[llvm-dev] Automatic Regression Finding Tool

14 views
Skip to first unread message

Yann Girsberger via llvm-dev

unread,
Jan 13, 2022, 1:49:14 PM1/13/22
to llvm...@lists.llvm.org
Dear LLVM Developers,

in the last few months Theodoros (theo...@inf.ethz.ch) and I have
created a tool which automatically finds regressions related to dead
code elimination.
We have collected more than 200 regressions with respect to trunk and
would like to report them.

However, as we do not wish to spam the GitHub issues, we would like to
ask how to best hand over these findings.

An example of how a current issue/report looks like can be found at
https://github.com/llvm/llvm-project/issues/52965 .
Any feedback on the report template is appreciated.

Yours sincerely,
Yann Girsberger
_______________________________________________
LLVM Developers mailing list
llvm...@lists.llvm.org
https://lists.llvm.org/cgi-bin/mailman/listinfo/llvm-dev

David Spickett via llvm-dev

unread,
Jan 14, 2022, 4:47:56 AM1/14/22
to Yann Girsberger, llvm...@lists.llvm.org
Hi Yann, this is a great initiative.

On the template I had a few ideas.

Could you put a dividing line between each pair of command/output? Or
perhaps just one after the "can not eliminate foo but..." line. Then
it's easier to see that each command and output is paired starting
from that point.

You have the output of -v, what is the use case for that? The most
obvious thing is the target.
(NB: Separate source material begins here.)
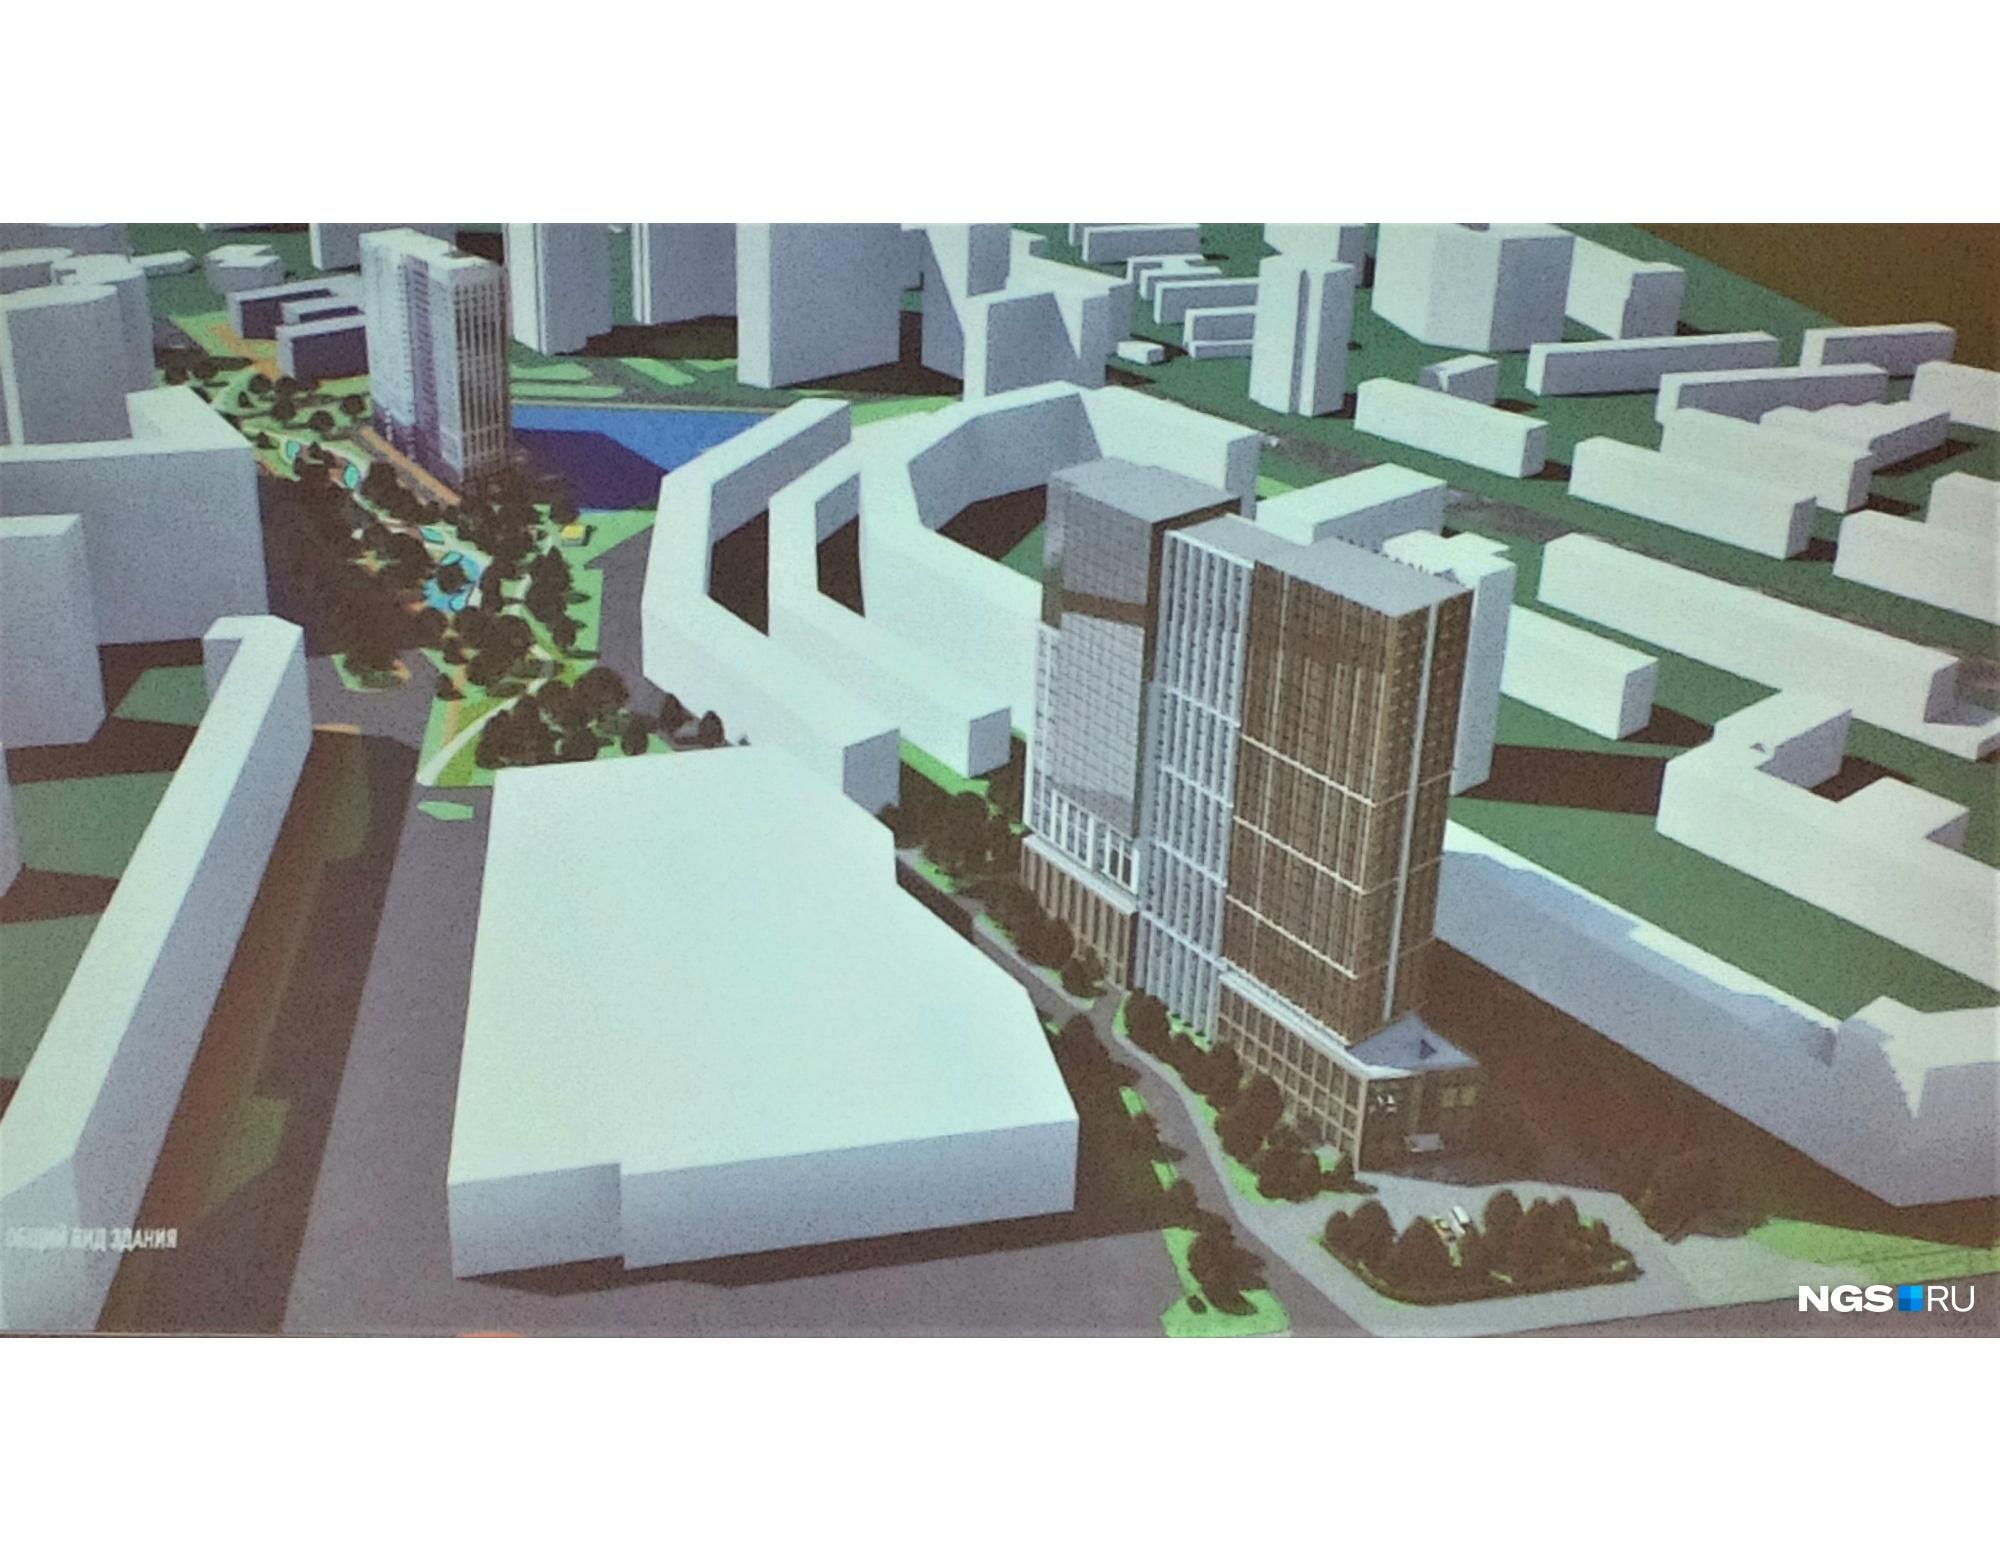 В концепции застройки участка возле «Ройял Парка» предлагают высотную гостиницу — за ее счет можно благоустроить сквер вдоль реки за зданием

I primarily work on Arm so it is good to
see what the default target should be but I wonder if there's a better
way to do that. Not saying you have to remove the -v output, I just
wonder if an explicit --target option to clang would give the reader
the same info and help those of us not running on x86. (I'm not
suggesting you go back and redo 200 reports though, maybe for new
ones)

Having both assembly outputs is great. We (Linaro) just added this to
one of our regression loops and a lot of cases can be triaged with
just that.

However the phrasing is a bit imprecise on first read. "Started with"
I think, did the bisect start with this rev or did the problem start
there? After a few seconds you realise of course the latter is the
only thing that makes sense but it could be clearer. Maybe "Regression
started with".
(you can probably spend ages naming that bit. Some people prefer last
good/first bad, sometimes I want to put it the other way around as
before/after)

Would it be possible to attach the test case and the before/after as
an archive to the issue? (I found out recently github doesn't allow .c
files but an archive containing them is fine) Then it's quick to
download and diff locally if it can't be eyeballed.
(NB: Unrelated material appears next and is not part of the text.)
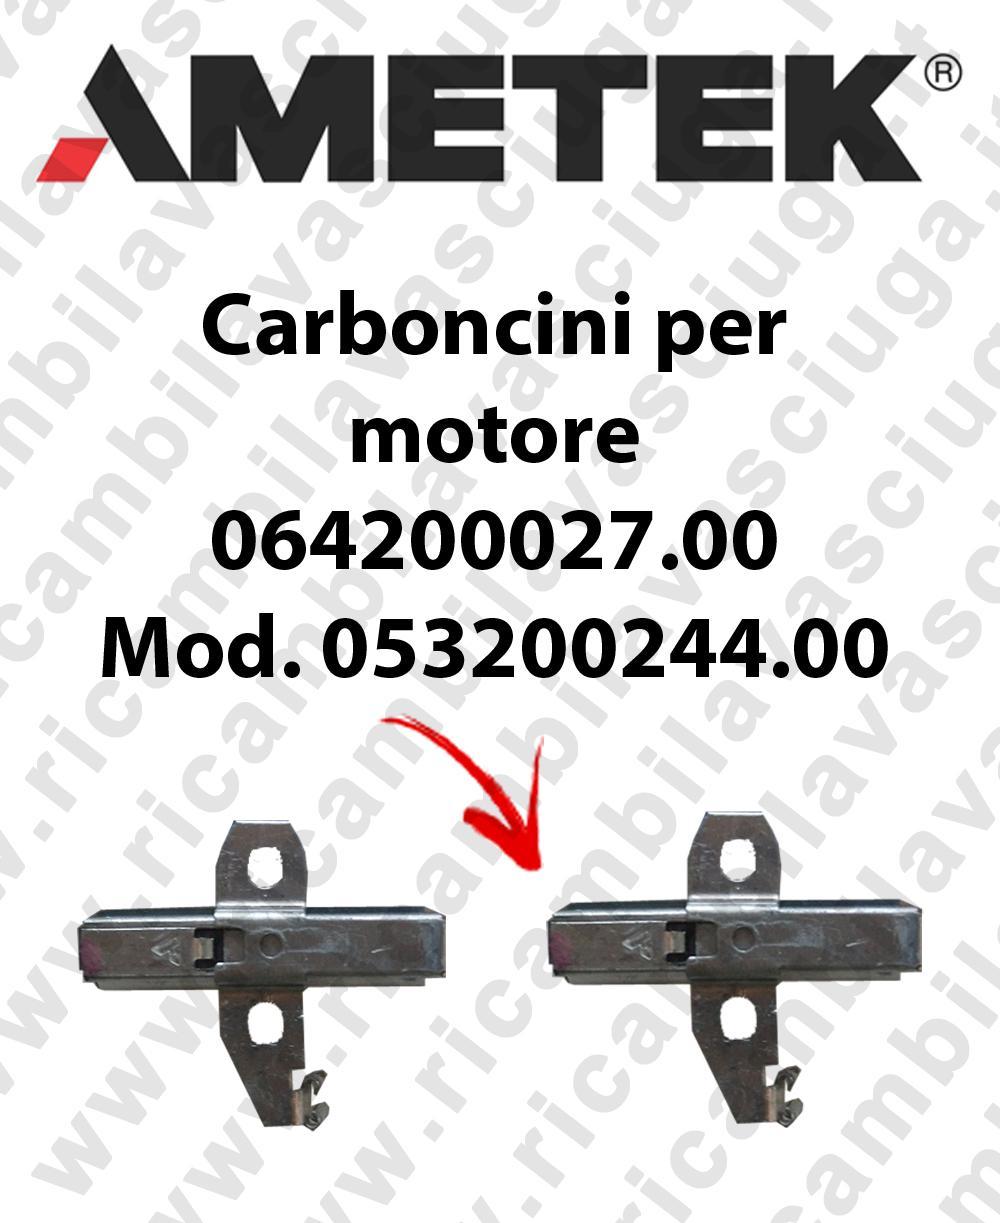 COPPIA carboncini motore per Ametek 064200027 2 pezzi

Last thing, that I'm not sure is possible automatically. Tagging the
user who wrote the patch. Easy enough to do after the fact but perhaps
github has some way to map commit to github username.

Yann Girsberger via llvm-dev

unread,
Jan 21, 2022, 9:17:07 AM1/21/22
to David Spickett, llvm...@lists.llvm.org
Hi David,

thank you very much for your feedback!

I integrated it and other feedback into new reports.
(https://github.com/llvm/llvm-project/issues/53322)

Is there any interest from Linaro (or the ARM community in general) in
similar regressions for ARM targets?

If you have any further feedback on the reports, please let us know.

Best,
Yann

David Spickett via llvm-dev

unread,
Jan 21, 2022, 11:08:21 AM1/21/22
to Yann Girsberger, llvm...@lists.llvm.org, Maxim Kuvyrkov
> I integrated it and other feedback into new reports.

Looks great.

> Is there any interest from Linaro (or the ARM community in general) in similar regressions for ARM targets?

We (Linaro) have been doing benchmarking related to code size and
speed using SPEC but nothing like this where you've got different
generated (I assume) examples each time. I've added Maxim on CC who
set up our benchmarking infrastructure and better knows what we test.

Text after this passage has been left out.